3) PCH affects the membrane characteristics of enterocytes or has a direct effect on cellular cholesterol transporters that regulate intestinal cholesterol uptake.

Conclusion

Four possible mechanisms of PCH-induced steatosis regression showed both in vivo (Buang et al., 2005; Lee et al., 2014) and in clinical studies (Gundermann et al., 2016; Maev et al., 2020b; Popovic and Dajani, 2020) are discussed and the following are considered as relevant:

1) Stimulation of fatty acids beta-oxidation in hepatocytes (through PPARα and PPAR-dependent enzymes: acyl-CoA oxidase and carnitine palmitoyltransferase)

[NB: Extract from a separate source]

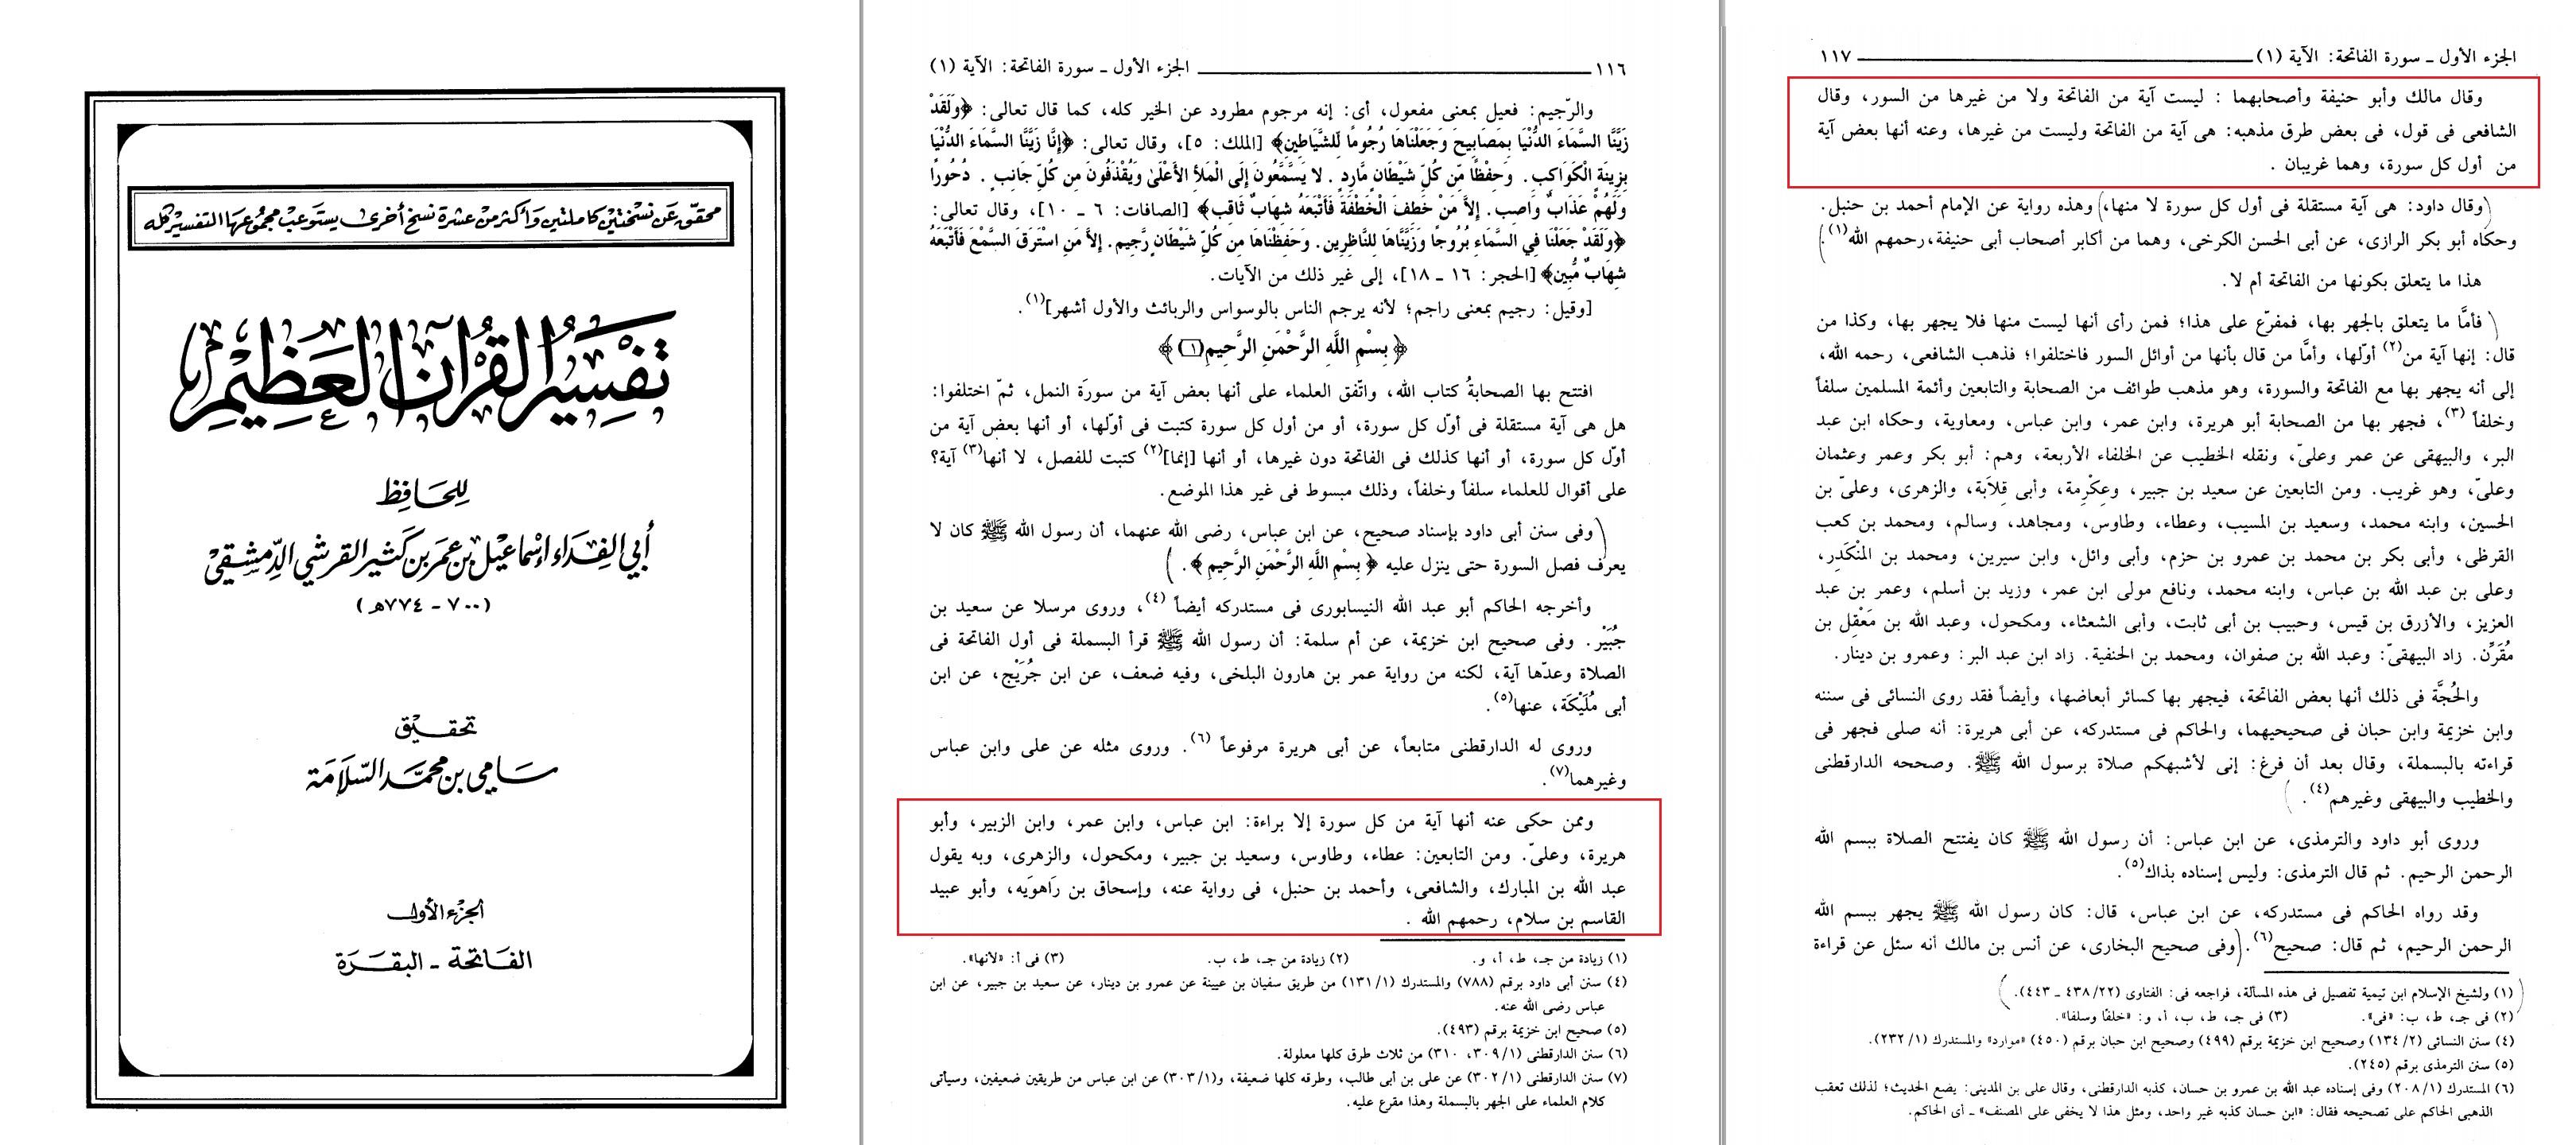 Tafsir Ibn Kathir B - 1 S - 116

2) Liponeogenesis inhibition in hepatocytes (through SRBEP-1 and SRBEP-dependent enzymes, mainly glycerol-3-phosphate acyltransferase)

3) Fatty acids evacuation followed by their uptake and utilization in muscles (through the role of PCH both in VLDL formation and evacuation and the PPARα activation in the muscles)

Of course, this concept requires further in vitro and in vivo testing to obtain a true picture of the PCH mode of action in clinical practice. We believe that these data contribute to a better understanding of the clinical effect of EPLs and may help design further studies in this field. It is even more important considering the new MAFLD concept and steatosis as a universal phenotypical sign of metabolic disorder in the liver that should be diagnosed and treated.